新型肺炎でマスク買い占めを「あおる」のは誰? 心理メカニズムに迫る「希少性」が消費者突き動かす(2/3 ページ)

» 2020年02月13日 08時00分 公開
[服部良祐ITmedia]

「制限されるほど欲しくなる」心理

 情報行動やメディア効果などを研究する東京大学大学院情報学環・学際情報学府の橋元良明教授(社会心理学)は「人は自由を制限されている時に自由を回復したいと考え、制限されている物に、されていない時よりも強い欲求を感じる」と説明する。

 これは「心理学的リアクタンス(心の反動作用)」という説で、「被験者がレコード曲を4種類聞かされ、その内の1枚が入手困難であると告げられると、その曲に対する好みの度合いが上昇する」といった実験結果が知られている。この作用の中でも、特に買い占め行動との関連を橋元教授が指摘するのが「希少性原理」だ。「『あと1つしかないよ』と(商品の)希少性をあおると、購買希望者が増加するなど、セールスの現場でも応用されている」。

 こうした買い占め騒動の代表例として橋元教授が挙げるのが、1973年のオイルショック時に発生した「トイレットペーパー騒動」。「こうした災害時などには、ほとんど常にと言っていいほど飲料水や食料、日常品の買い占めが問題になる。希少性原理によって『大事な物が無くならないように早く買っておこう』という心理が働く」(橋元教授)。

 加えてこうした状況下では、買い占めによって商品価格を釣りあげようとする動きも出てくる。
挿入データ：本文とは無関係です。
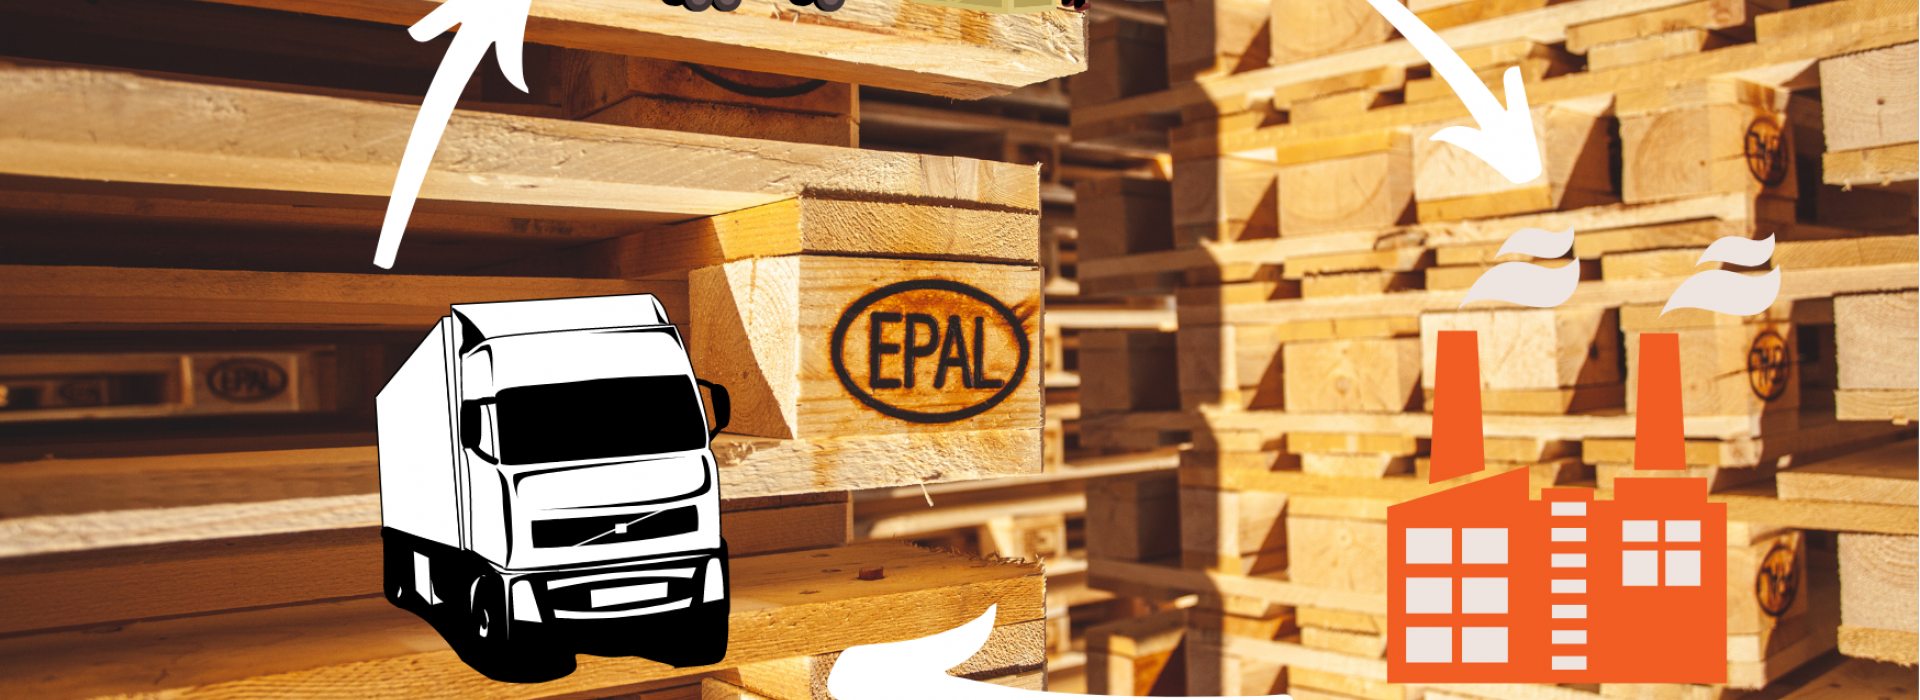 Webinaire dédié aux services logistiques associés à la palette EPAL
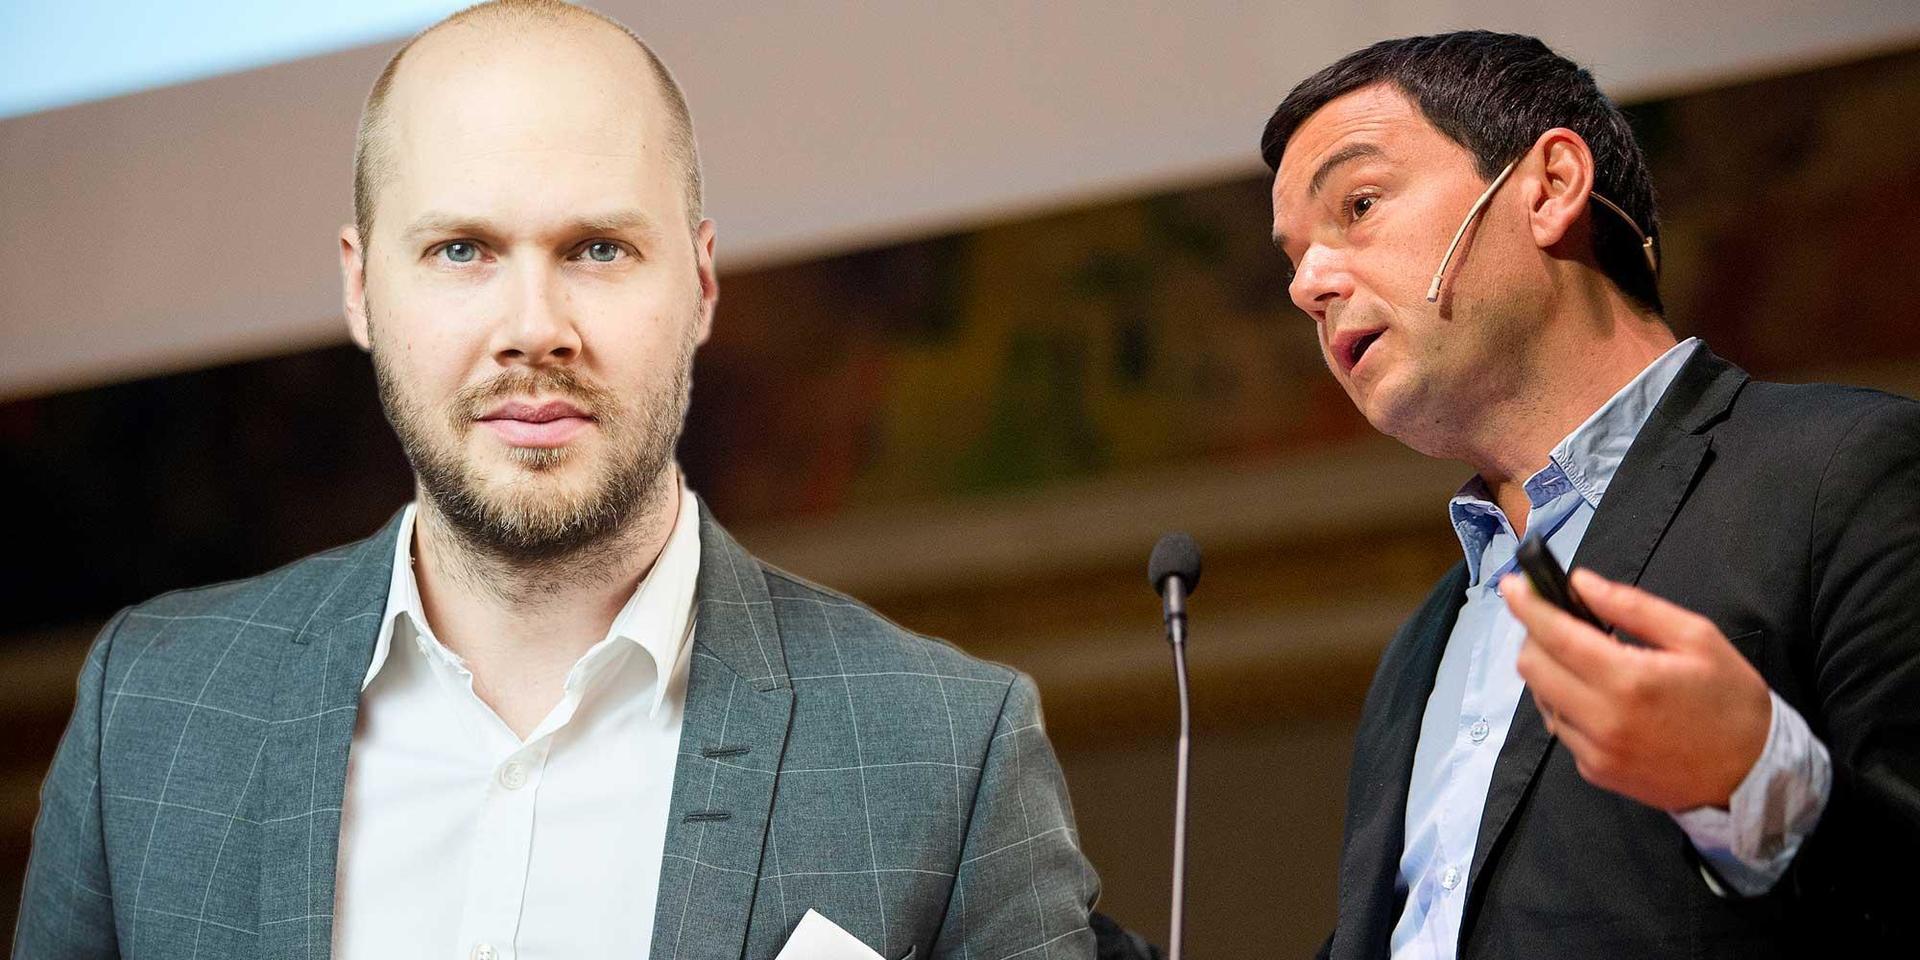 Den franske ekonomiprofessorn Thomas Piketty kräver jämlikhetsreformer ihop med svenska S-studenter.

橋元教授によると、1970年代には数の子が「黄色いダイヤ」とされて珍重され、買い占めを図った水産専門の商社がその後、逆に過剰在庫のせいで倒産する事件まで発生したという。

 では、今回のマスク買い占めを引き起こした「希少性原理」の発生源は何か。橋元教授はまず、買い占めの主体である消費者像について「恐らく、日常的に健康に気を遣い、風邪やインフルエンザに不安を抱いている層。特に家族の健康を気にする主婦層などが、購入して着用させている場合が多いのではないか。乳幼児を持ち罹患を危惧するその親や、脆弱な高齢者の介護者が特に、敏感になってマスクを求めている可能性がある」と分析する。

 多くは感染の不安や家族の健康への配慮など、善意や思いやりから発したとみられる今回のマスク買い占め。そのマスクの「希少性」を消費者の間で高めている要因として橋元教授が重要視するのが、連日のメディア報道だ。